МОРОК НАД КИЕВОМ - страница 7

Шрифт
Интервал


В глубинах его памяти, в самом темном и запертом склепе души, был другой дом. Большой, теплый, пахнущий свежеиспеченным хлебом, дымом и материнскими руками, от которых всегда несло травами. Этот дом сгорел. Сгорел вместе со всей его деревней, вместе с отцом, матерью, двумя братьями и маленькой сестрой. Он, тогда еще костлявый мальчишка, лежал под тяжелым, остывающим телом матери. Ее кровь, густая и теплая, стекала ему на лицо, забивалась в нос и в рот. Он вдыхал ее медный запах, смешанный с едким дымом горящих домов и вонью паленого мяса – их соседей, которых сжигали заживо. Он лежал, не смея дышать, и слушал. Слушал хруст костей, женские крики, которые резко обрывались, и пьяный хохот варягов-налетчиков, которые делили добычу и насиловали тех женщин, что еще были живы.

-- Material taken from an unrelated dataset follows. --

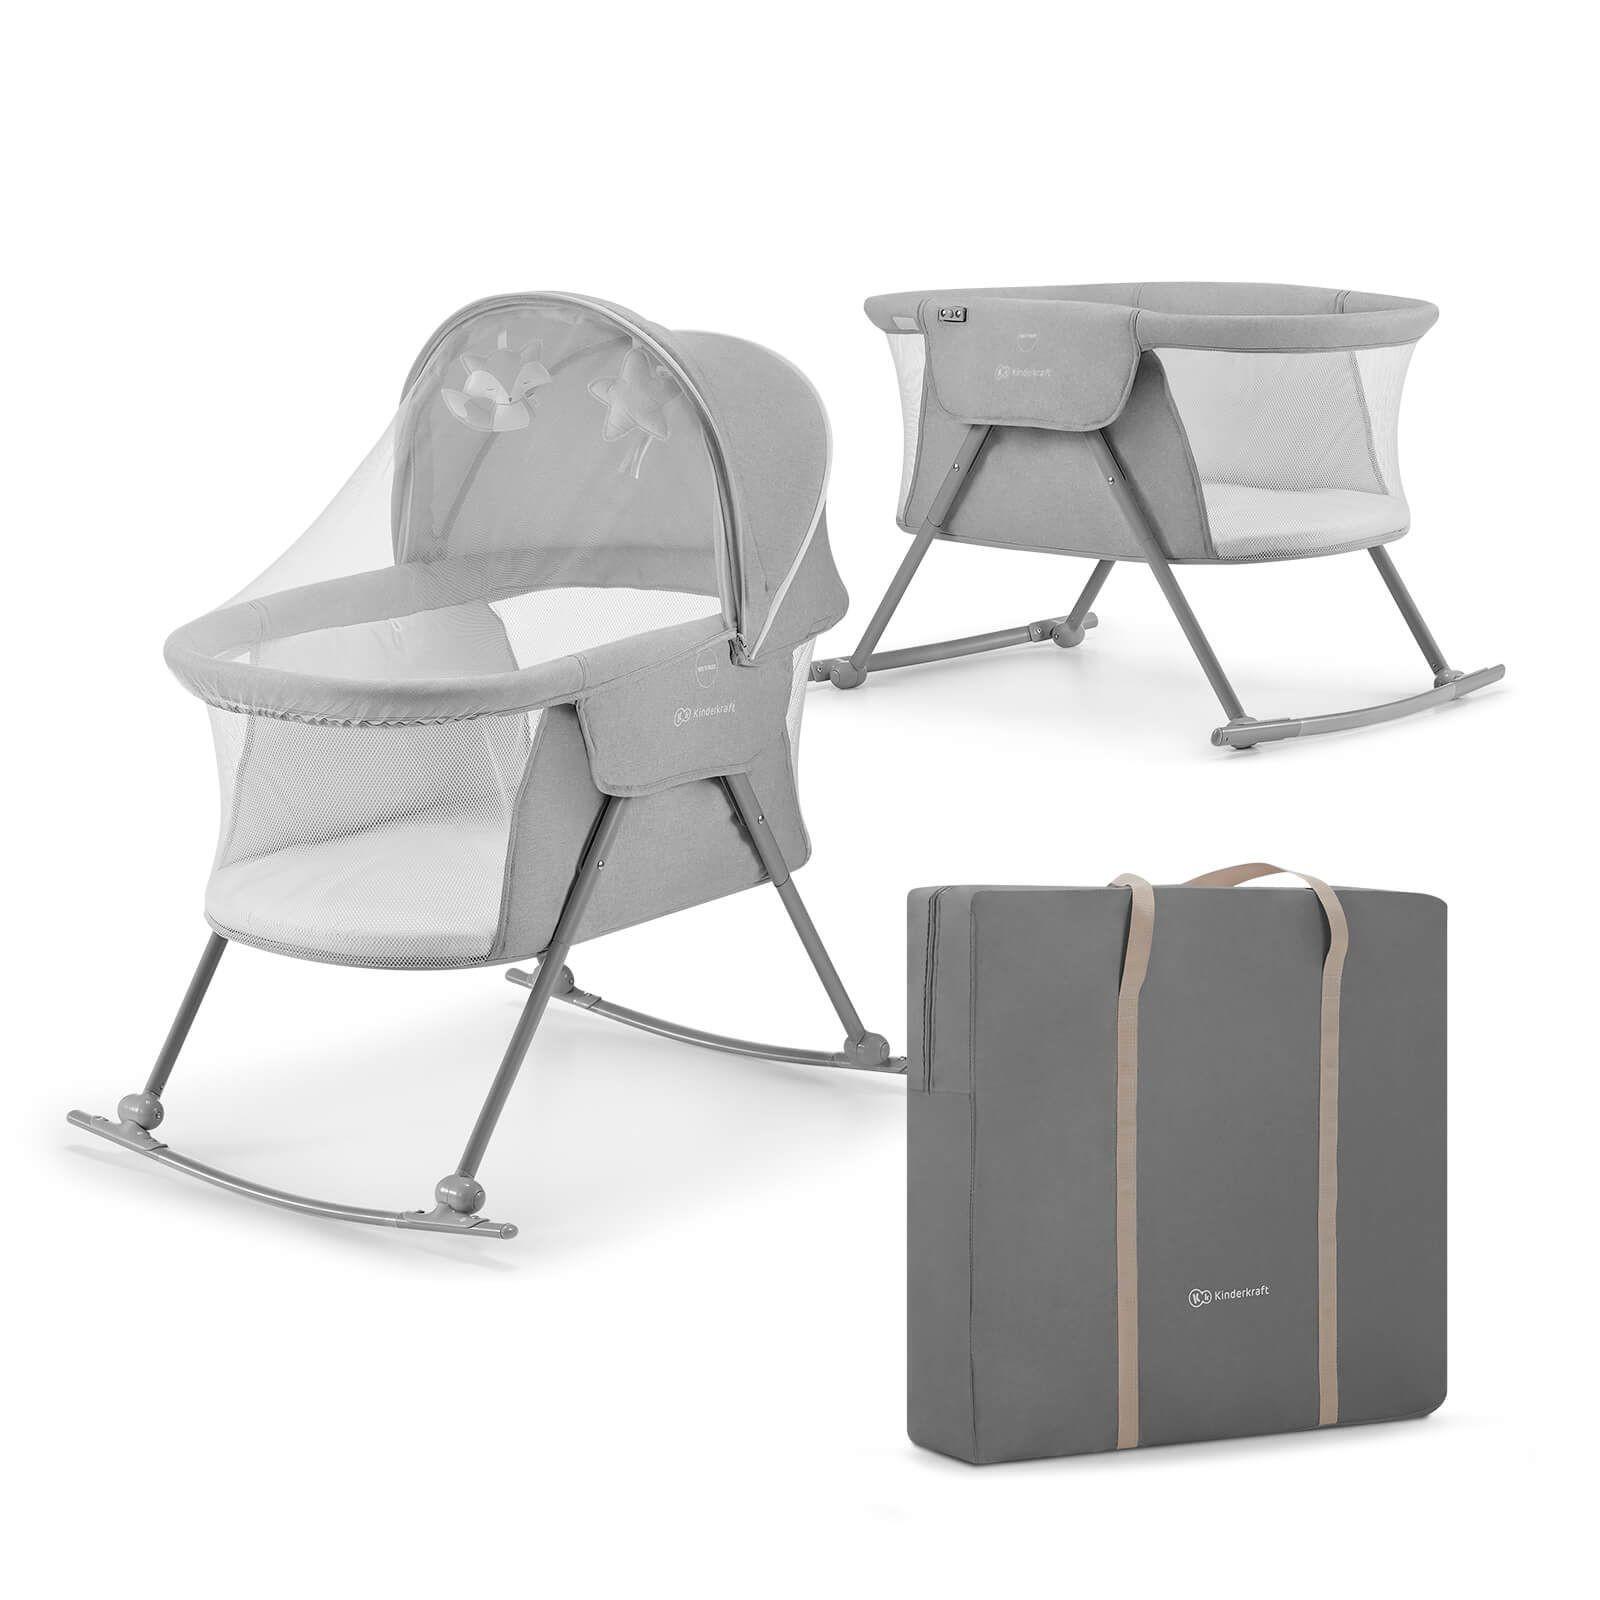 Lit bébé Lovi Kinderkraft 3 en 1 Grey

В тот день выгорело не только его село. В тот день выгорело все, что было у него внутри. Вера в богов, которые молча наблюдали за этой бойней. Любовь к людям, которые были способны на такое. Сама радость жизни, которая оказалась такой хрупкой и бессмысленной. Осталась только звенящая, мертвая пустота и холодная, как зимняя сталь, воля. Воля просто выжить. Не жить, а именно выжить.

Князь Святозар, который вел свою дружину по следу налетчиков, нашел его в лесу через три дня. Одного, одичавшего, покрытого засохшей кровью и сажей. Мальчик не плакал. Он просто смотрел на вооруженных людей пустыми глазами. Князь забрал его. Он стал для Яромира не отцом – отца у него уже никогда не будет. Он стал хозяином. Вождем. Единственным смыслом. Защищать князя и этот город, который он строил, стало единственной функцией, единственным ритуалом, который удерживал Яромира от того, чтобы просто войти в реку и не выходить. Он не любил этот город, эту вонючую, кишащую червями яму. Он служил ему. Как верный пес служит своему хозяину.

Дойдя до своей двери, он остановился. Что-то было не так. Ночная тишина стала неправильной. Слишком плотной, слишком глубокой. Будто город не спал, а затаил дыхание перед последним вздохом. Он снова ощутил тот самый ледяной холодок на затылке, будто кто-то дышал ему на шею.


«Ерунда. Усталость», – мысленно приказал он себе, но тело ему не поверило. Мышцы напряглись.


Он вошел в свою каморку и, чиркнув кремнем, зажег лучину. Дрожащий свет выхватил из темноты его отражение в безупречно гладком лезвии топора, стоявшего на стойке.